Wir als AfD wollen Wachstum für Berlin. Wir wollen Wachstum in und für die Berliner Wirtschaft. Dafür brauchen wir eine Willkommenskultur für Unternehmen auf allen Ebenen, und das muss gerade auch am Tor zu Berlin, am Flughafen, spürbar sein.
Übrigens noch mal ein Wort zum Regierenden Bürgermeister heute Morgen und seinem wirklich unsäglichen Zynismus, als er die Existenzvernichtungen im Einzelhandel als Shoppingevent verniedlicht hat. So wird das nichts mehr in diesem Land, meine Damen und Herren von der Sozialdemokratie!

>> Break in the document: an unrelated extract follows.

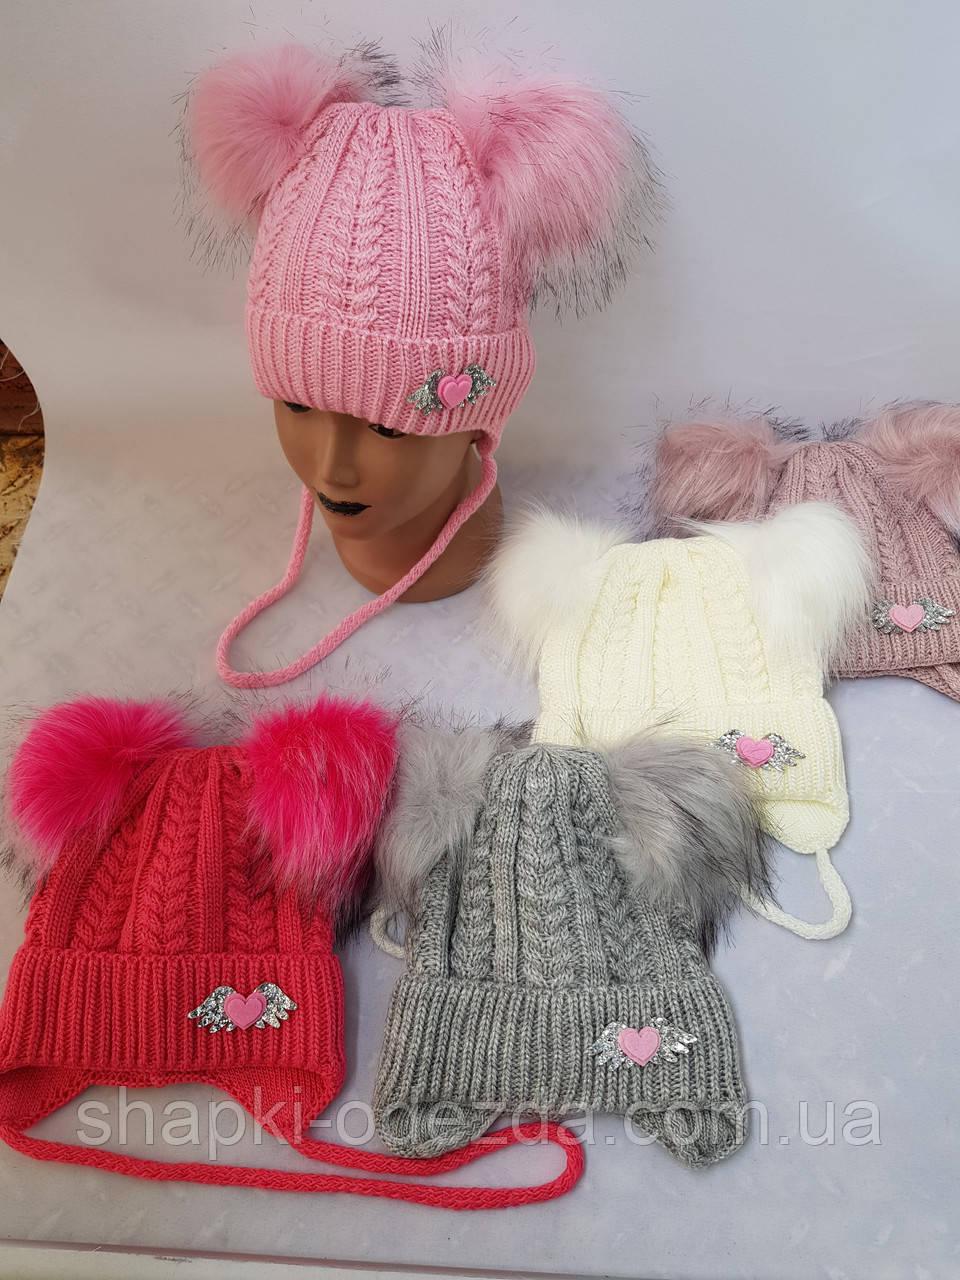 Шапка зимняя для девочки на флисе  р 44-48 оптом ( Д 548 )

Die Flughafengesellschaft muss ihr infrastrukturelles Angebot so gestalten, dass sie die nach der Coronaära weltweit voraussichtlich wieder rasch wachsende Nachfrage nach Berlinflügen bewältigen kann. Sie muss aber auch so aufgestellt sein, dass sie die Ausbaupläne ohne lange Vorlaufzeit wieder in Angriff nehmen kann. Hier stehen wir ganz klar auf der Seite derer, die eine baldige Renaissance des Wachstumstreibers Flugverkehr möchten. Wir beziehen damit ganz klar Position gegen diejenigen, die auf der roten und grünen Seite dieses Hauses die ganze Fliegerei als Teufelszeug verdammen und am liebsten verbieten oder zum Privileg einiger weniger Reicher machen wollten. Mit Ihnen heben die Flugzeuge nicht ab, sondern verrosten im Hangar. Und wenn man dann für den Ausbau und Erweiterungsmaßnahmen zusätzliches privates Investitionskapital braucht, dann gerne. Dann würden wir die entsprechenden Vorschläge unterstützen.
Lassen Sie mich zusammenfassen: Es geht also nicht um eine Absage an die Öffnung des Gesellschafterkreises der Flughafengesellschaft, sondern nur um den richtigen Zeitpunkt. Der ist jetzt nicht gegeben, aber er wird bald kommen, und den Klimafanatikern bei Roten und Grünen wird es nicht gelingen, den Bürgern die Sehnsucht nach Urlaub, fremden Essen und fremden Kulturen auszutreiben.